Cisco Talos Releases EvidenceForge: Open-Source Tool Generates Realistic Synthetic Security Logs
Cisco Talos has open-sourced EvidenceForge, a synthetic log generator that produces causally consistent, multi-format security datasets for training threat hunters and validating detection logic.
Cisco Talos has released EvidenceForge, an open-source tool designed to generate realistic synthetic security logs that overcome the limitations of stale or anonymized public datasets. Announced on May 27, 2026, the tool addresses a persistent challenge for security teams: obtaining high-quality, labeled telemetry to train threat hunters, validate detection rules, and develop machine learning models without the cost and complexity of real infrastructure or manual attack simulations.

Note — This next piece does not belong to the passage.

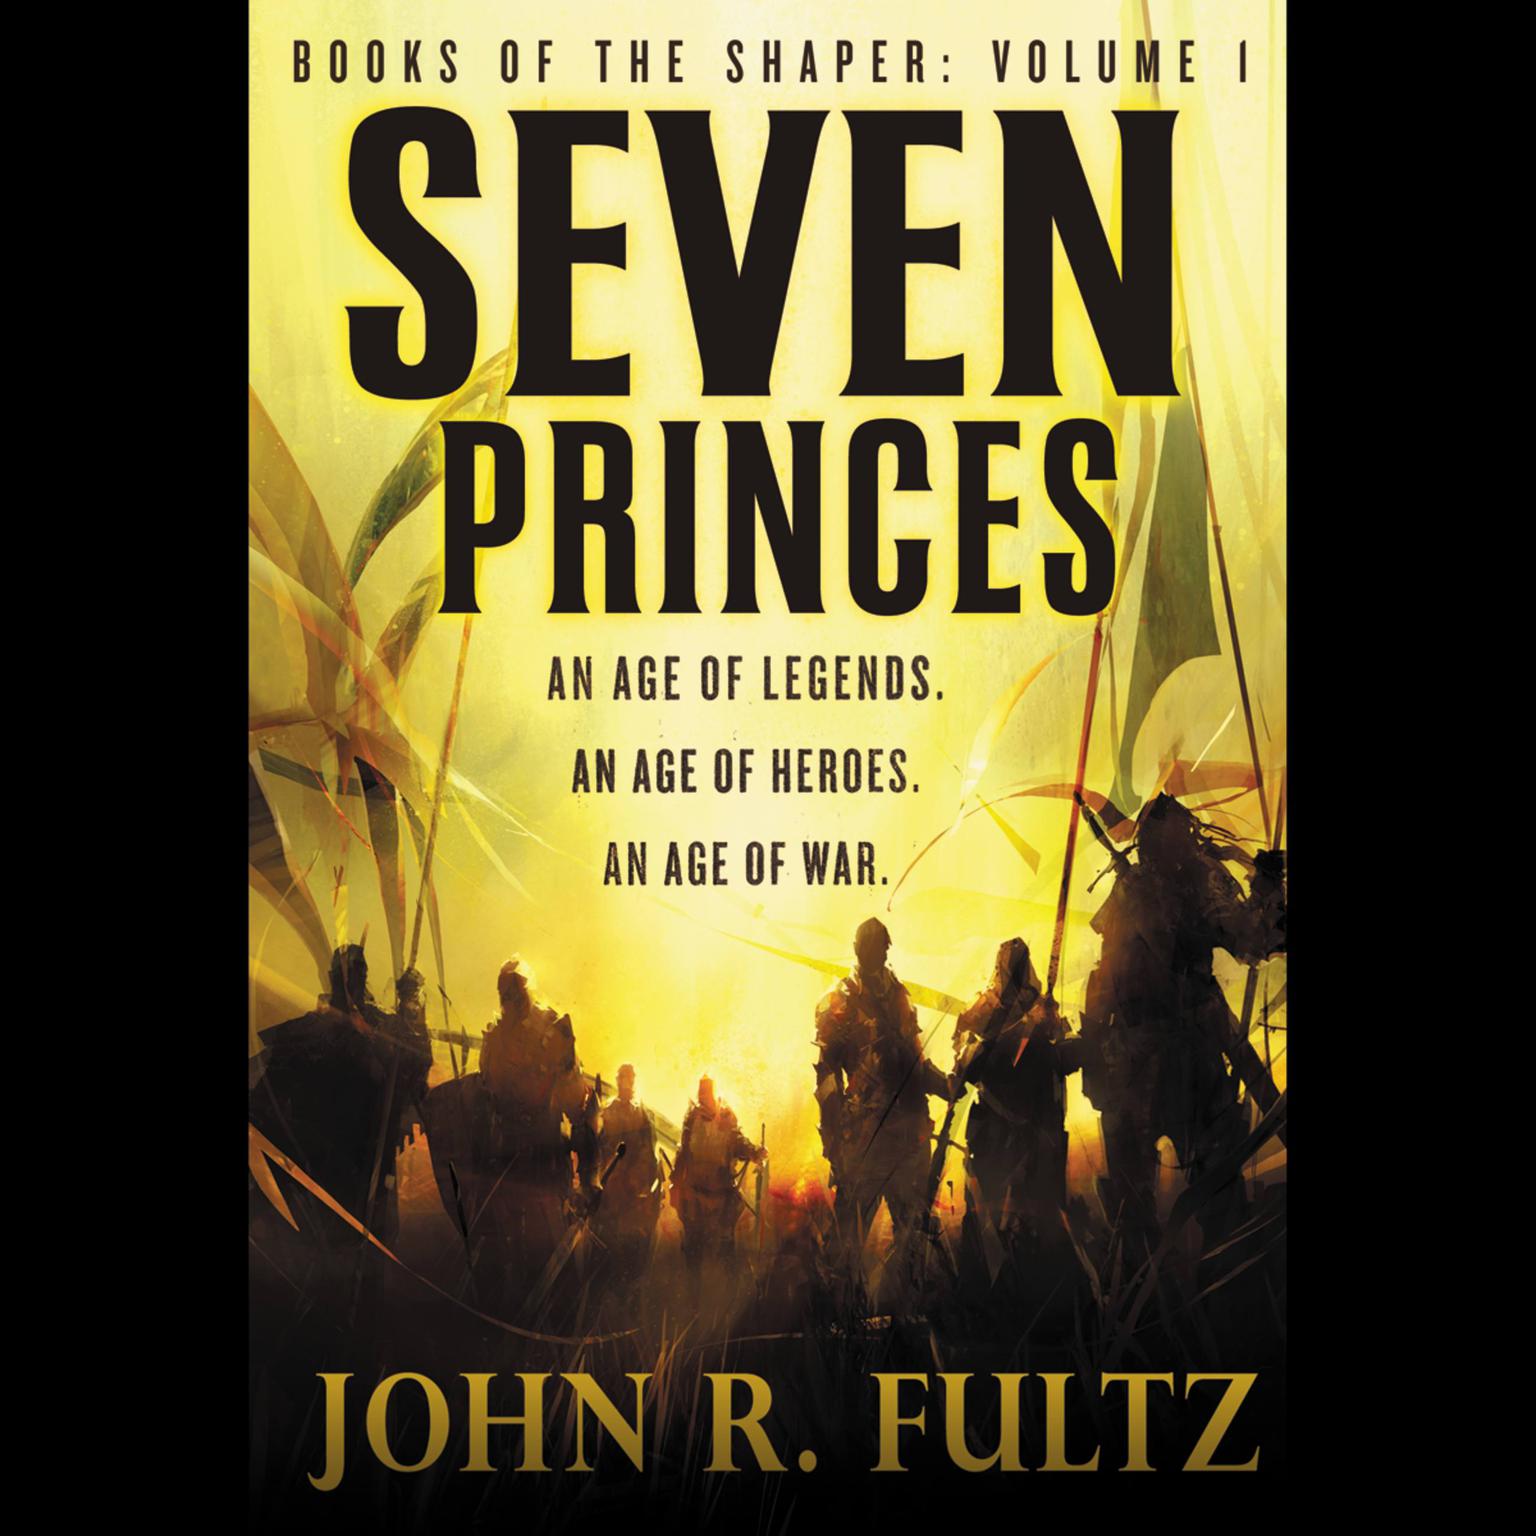 Seven Princes Audiobook, by John R. Fultz
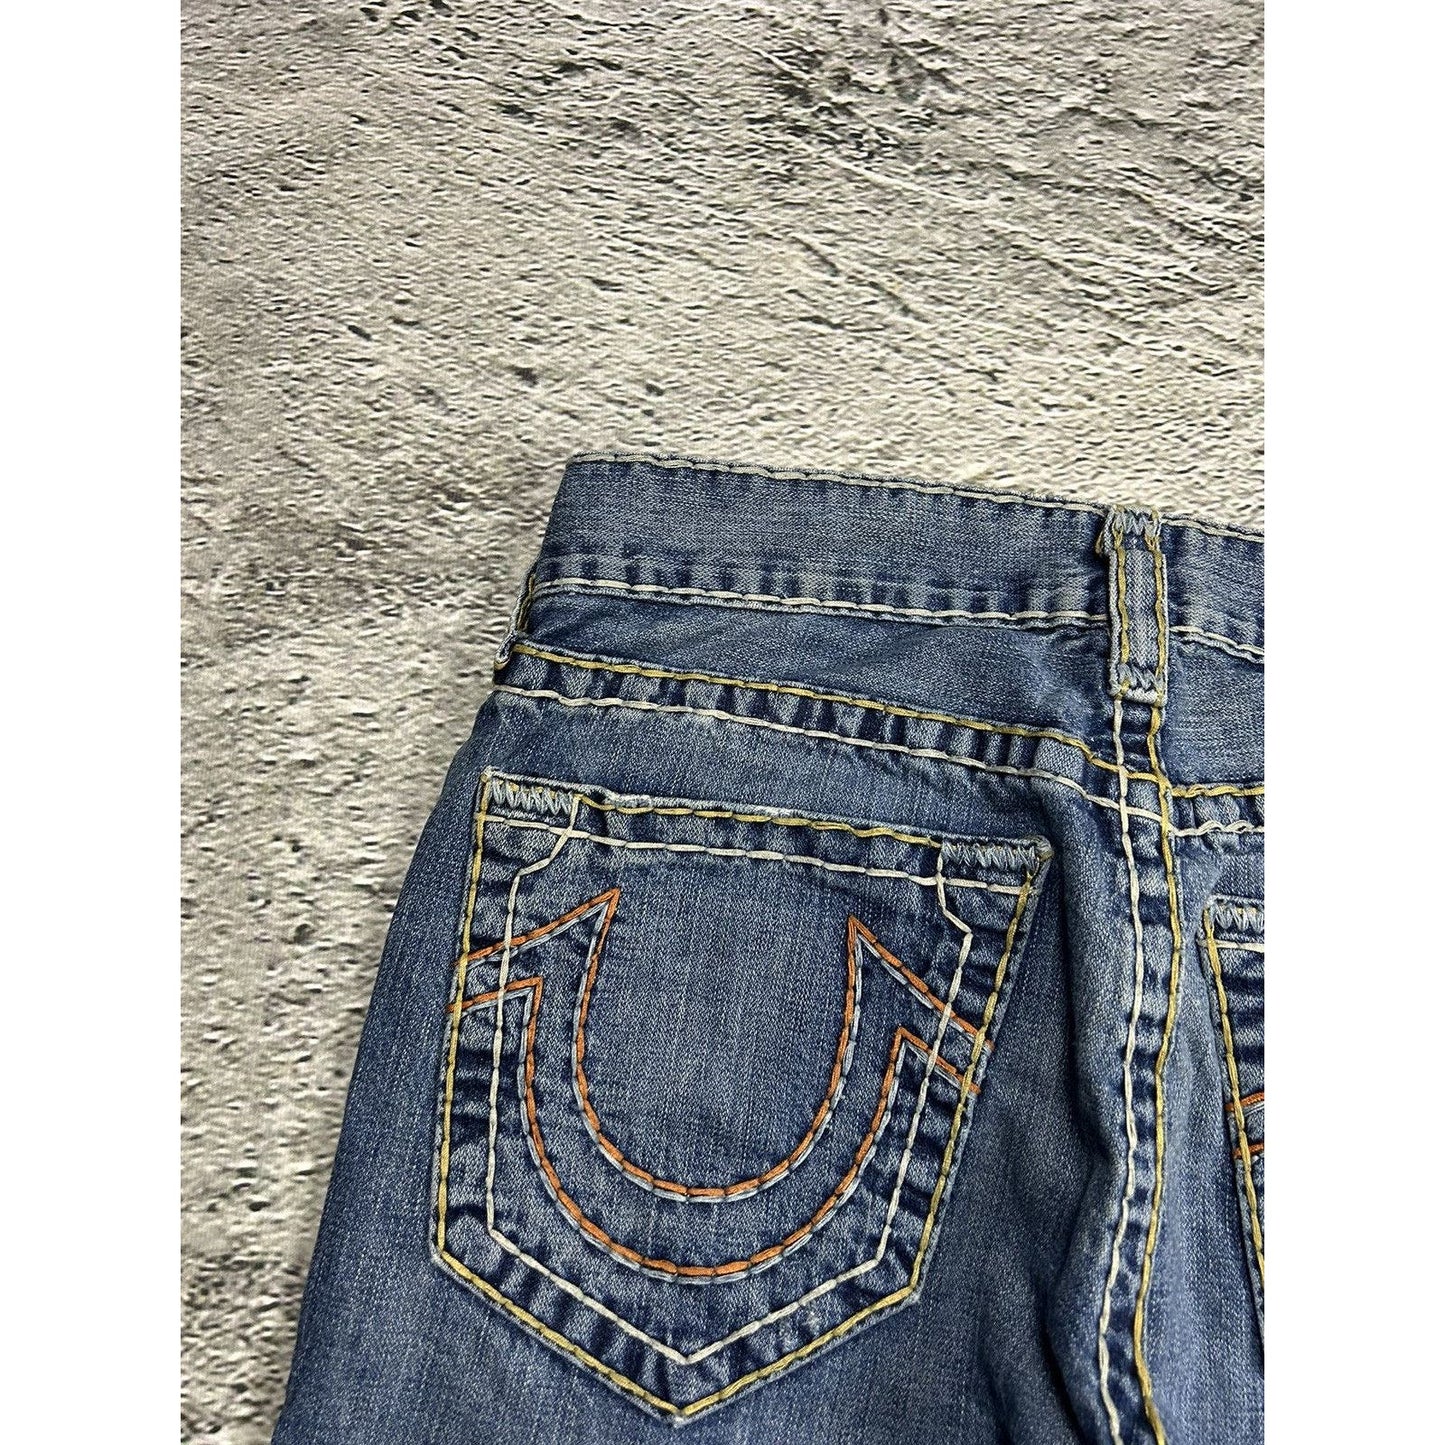 True Religion vintage jeans blue white thick stitching Y2K

Unlike existing synthetic generators that produce events independently for each log format, EvidenceForge uses a single canonical SecurityEvent object that ensures causal and temporal consistency across all outputs. Every piece of evidence—whether a Windows Security Event, Sysmon entry, Linux syslog, Zeek connection, or Snort alert—flows from the same underlying event model. This shared state means that a process ID, logon ID, or network connection appears identically across formats, eliminating the disjointed seams that make synthetic data obvious to experienced analysts.
The tool supports over 20 log formats, including 30 Windows Security Event IDs, 10 Sysmon event IDs, EDR/XDR telemetry, Linux syslog, bash history, Zeek JSON logs, Snort IDS alerts, firewall logs, and web server logs. It also incorporates realistic background noise and "red herrings" to simulate the complexity of real environments. A scenario configuration file in YAML defines the environment—hosts, users, network topology—and an optional attack storyline, which the engine uses to produce a fully correlated dataset with ground truth documentation and an analyst briefing.
EvidenceForge is designed for multiple use cases: teaching threat hunters and incident responders with datasets that have known ground truth, validating that detections fire on the right activity without false positives, and training ML models that need labeled, balanced, multi-source telemetry at scale. Cisco Talos notes that no purely synthetic dataset will fool a seasoned analyst in every case, but the goal is fidelity good enough to be useful, not indistinguishable from production data.
The release comes as security teams increasingly rely on data-driven approaches to combat sophisticated threats. Existing options—such as anonymized public datasets like LANL or OpTC, or manual attack simulations using frameworks like Atomic Red Team or MITRE Caldera—are often stale, narrow, or resource-intensive. EvidenceForge aims to fill this gap by providing a scalable, open-source alternative that produces correlated, multi-source datasets with minimal setup.
Cisco Talos has made EvidenceForge available as an open-source project, inviting community contributions and feedback. The tool is expected to be particularly valuable for organizations building detection engineering pipelines, conducting red team exercises, or developing AI-based security analytics. By lowering the barrier to high-quality synthetic data, EvidenceForge could accelerate the development and validation of security tools across the industry.